In matters relating to cosmology and life in the Universe ideas from Buddhist as well as earlier Vedic traditions have run contrary to the canonical Western world-view. For instance, in the cosmology described in the Anguttara Nikaya (a Buddhist text dated at around the 1st century BCE) it is stated thus:
“As far as these suns and moons revolve, shedding their light in space, so far extends the thousand-fold world system. In it there are a thousand suns, a thousand moons, a thousand inhabited Earths and a thousand heavenly bodies. This is called the thousand-fold minor world system….”
It then goes on to define a hierarchy of world systems, referring to the entire universe as “this sphere of million, million world systems”. Similar views do not dominate scientific thinking in Europe until after the Copernican revolution in the 17th century of the common era. Today, with the recent discoveries of exoplanets in the past decade, the total number of exoplanetary systems in our Milky Way galaxy alone is estimated to exceed 100 billion.
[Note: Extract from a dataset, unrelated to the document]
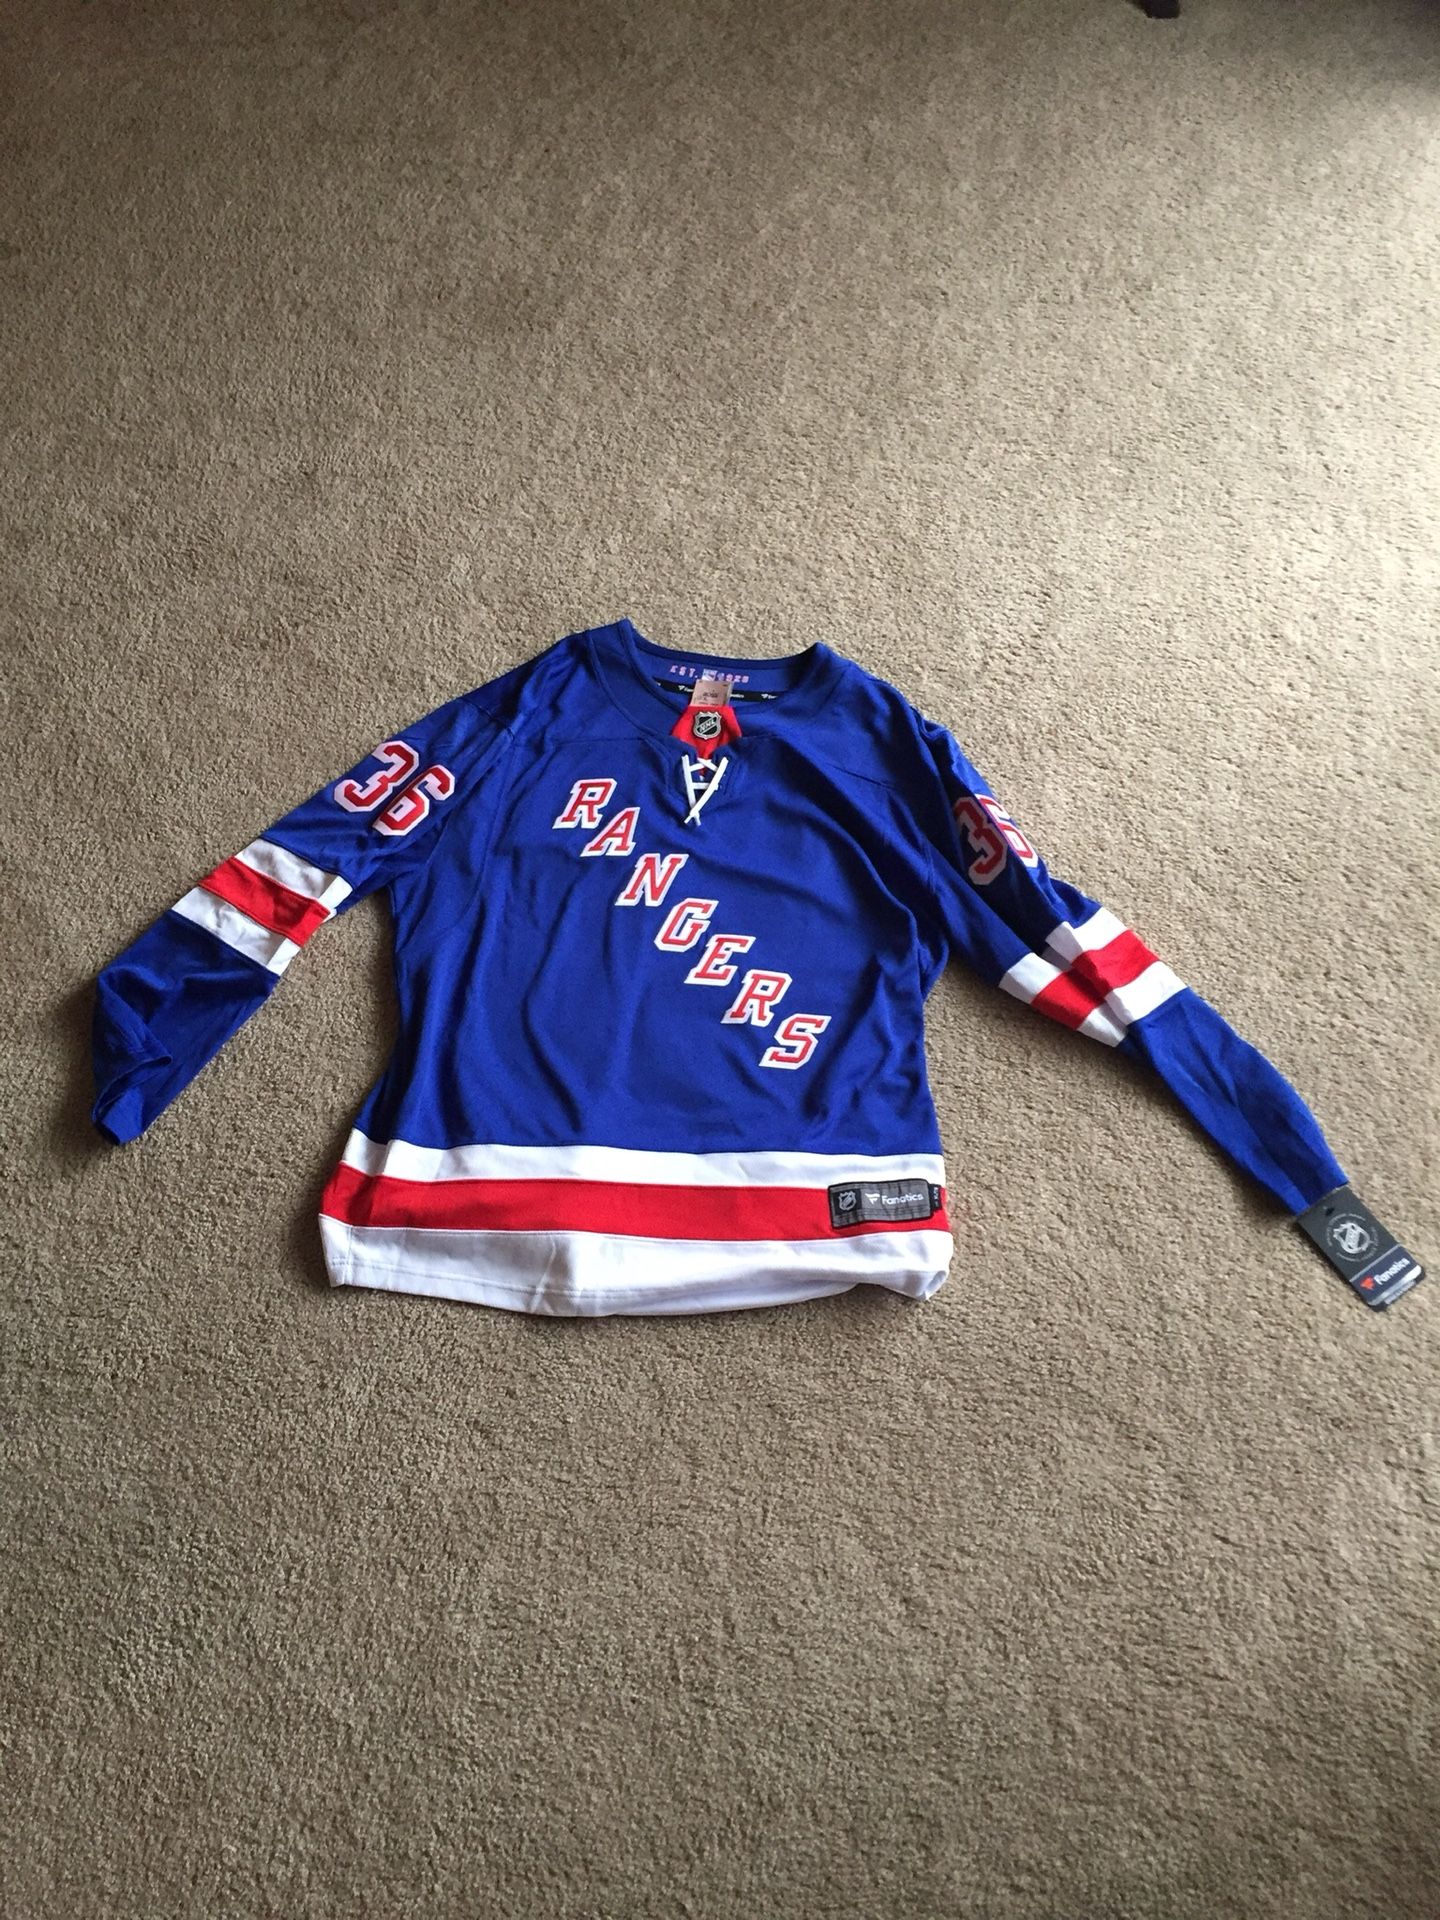 Mats Zuccarello New York Rangers Jersey Brand new

As far back as the first millennium BCE a school of atomism similar to that of Democritus was founded in India, the most important proponent of this school being a philosopher named Kanada (600 BCE). The idea was that atoms are point-sized, indivisible and eternal, each possessing a distinct property and individuality. These concepts were developed further by a burgeoning Buddhist school of atomism that flourished in the 7th century CE.
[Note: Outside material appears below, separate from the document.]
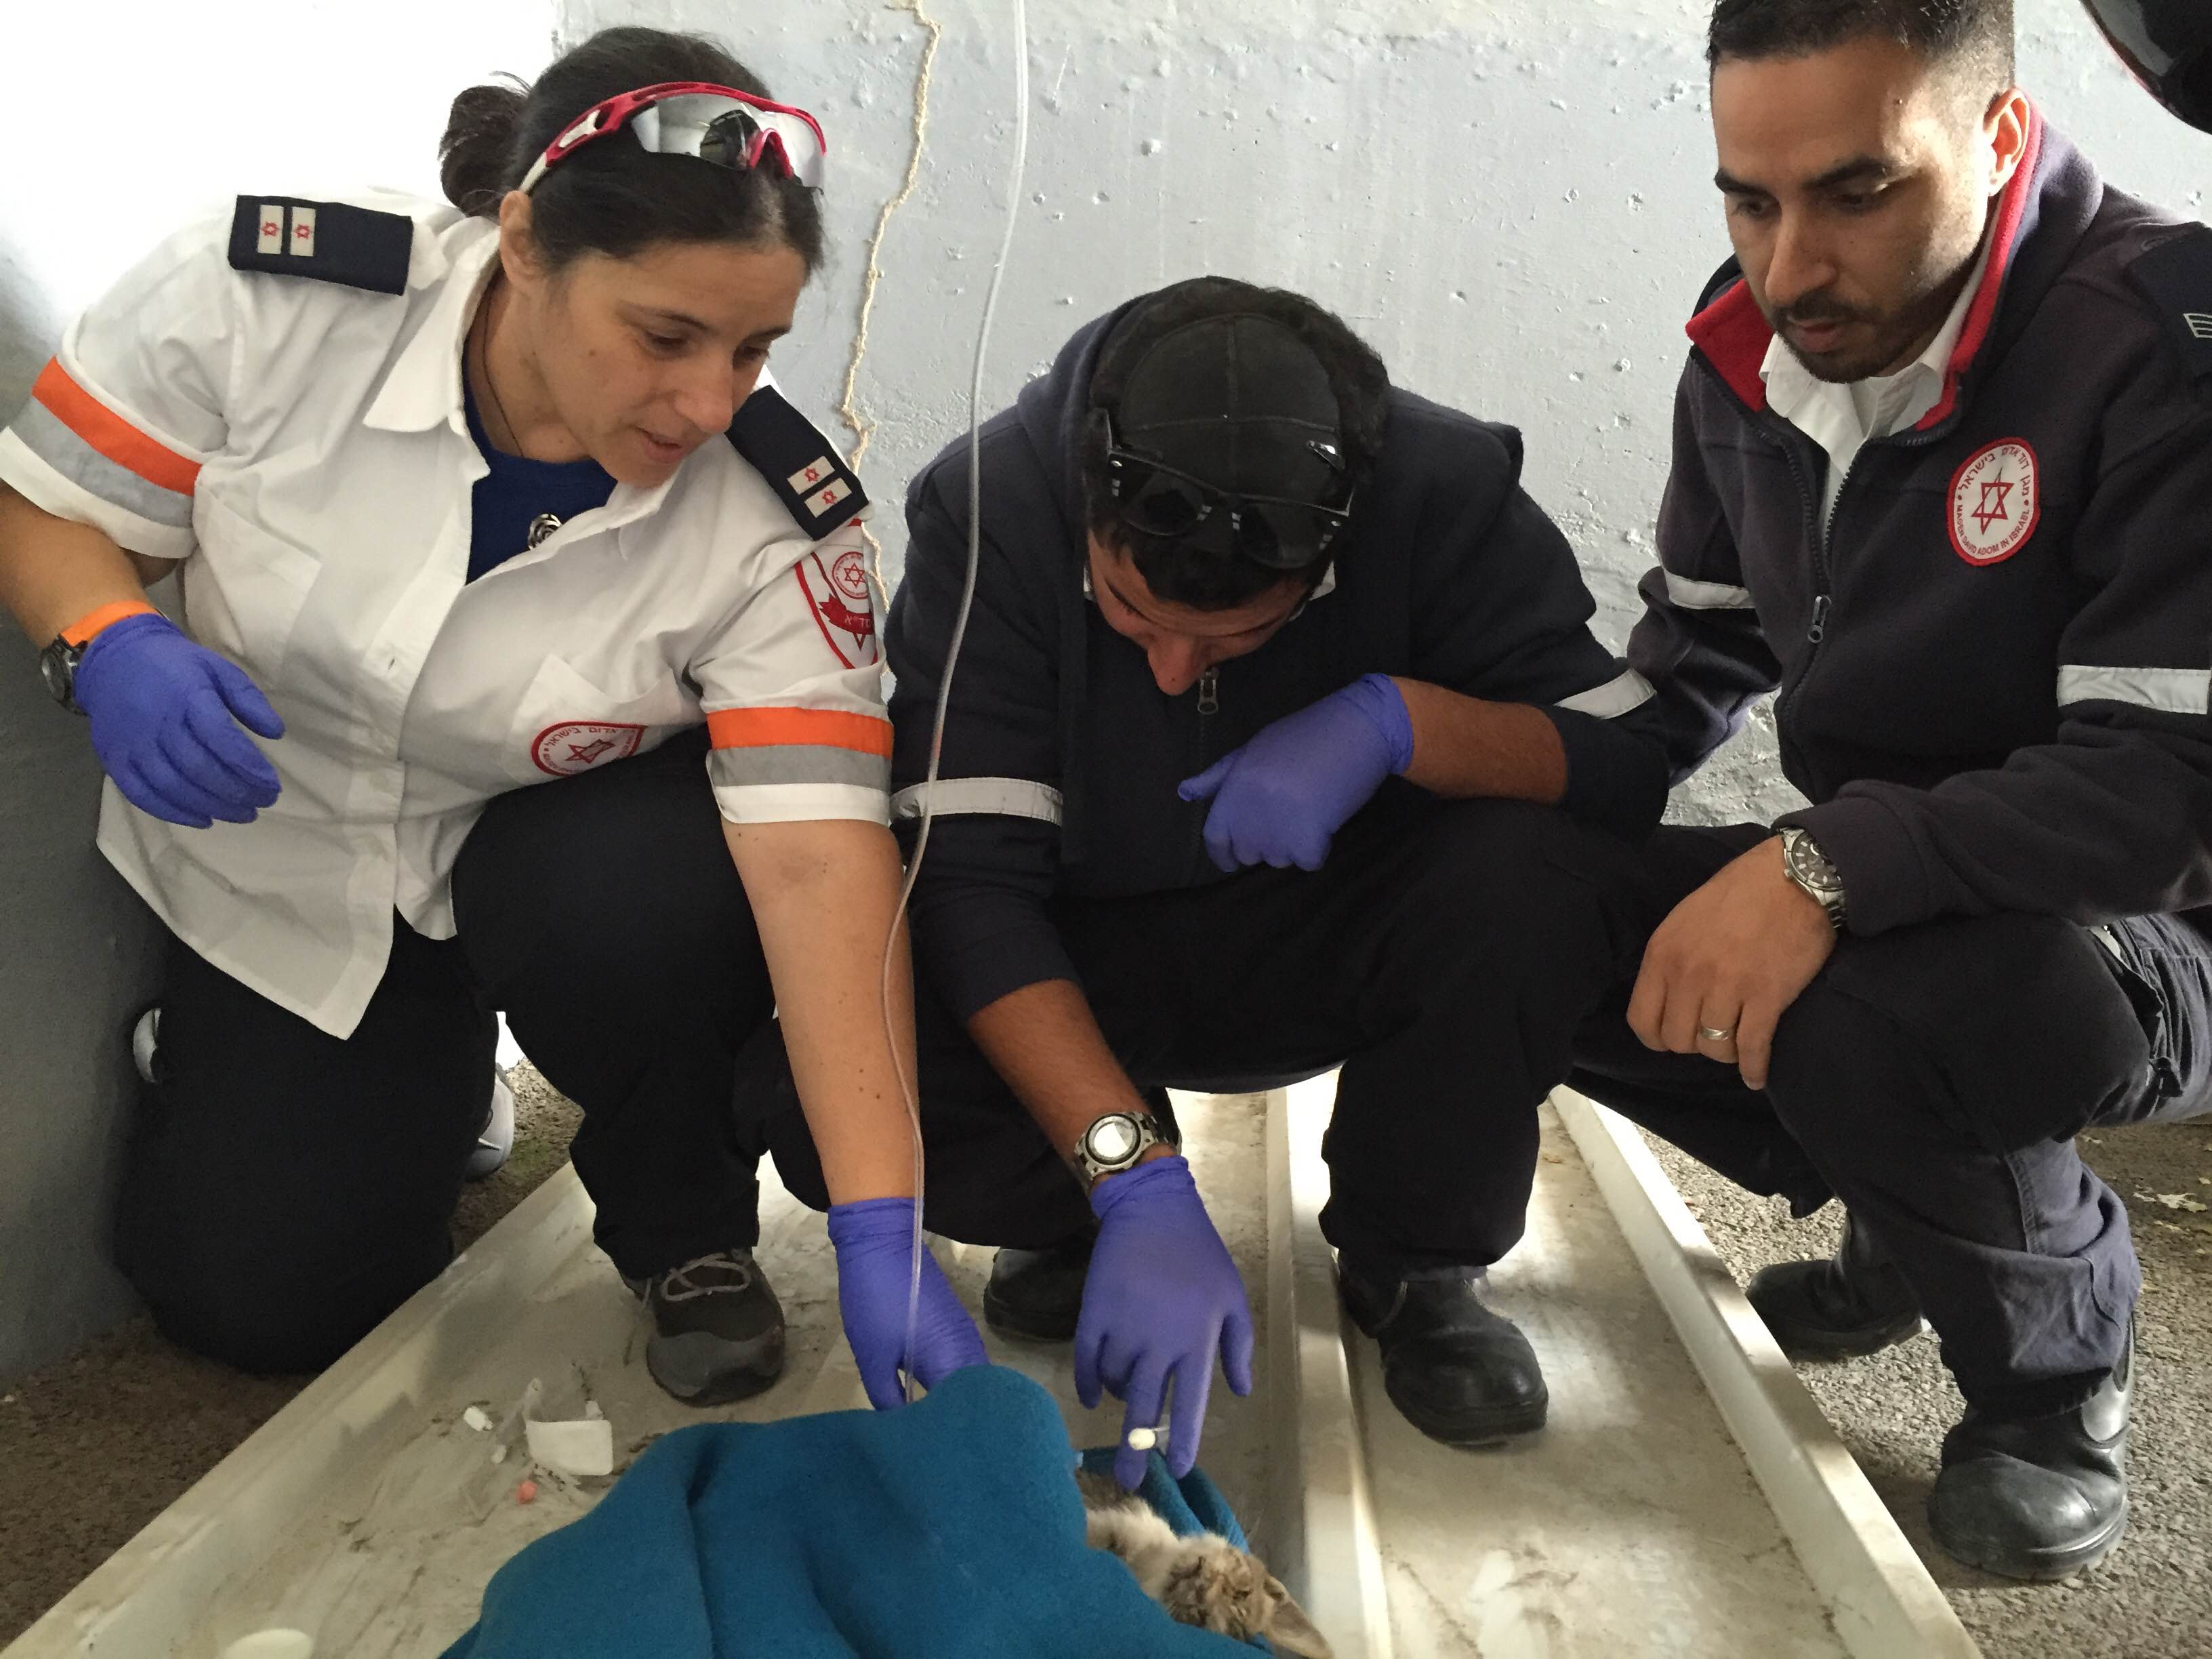 צוות מד"א מטפל בחתול בתחנת מד"א בית שאן. צילום: אופיר בן חמו

Aryabhata (476-550CE) was perhaps the first Indian astronomer in the modern mould who discovered an approximation of pi to six significant figures and also correctly maintained that the planets and the Moon shine by reflected sunlight. He also correctly inferred from observations that the daily motion of the stars in the celestial sphere is due to Earth’s rotation about its axis.
From both archaeological and later historical evidence there is no doubt that high levels of advancement in science and technology had been achieved in India long before Aryabhata going back to at least the second millennium before the common era. Vedic Sanskrit texts dated at the 8th century BCE refer to Pythagorean triples (eg. (3,4,5 (5,12,13), (8,15,17)) and display a knowledge of Pythagoras theorem. One of the earliest Indian astronomical texts (Vedānga Jyotiṣa) dates from 1400–1200 BCE, with the currently extant form dating possibly from 700–600 BCE. This latter timespan also corresponds to the dating of the most ancient known “university” in the world, Takshashila in India, which was a centre first of Hindu and later Buddhist scholarship.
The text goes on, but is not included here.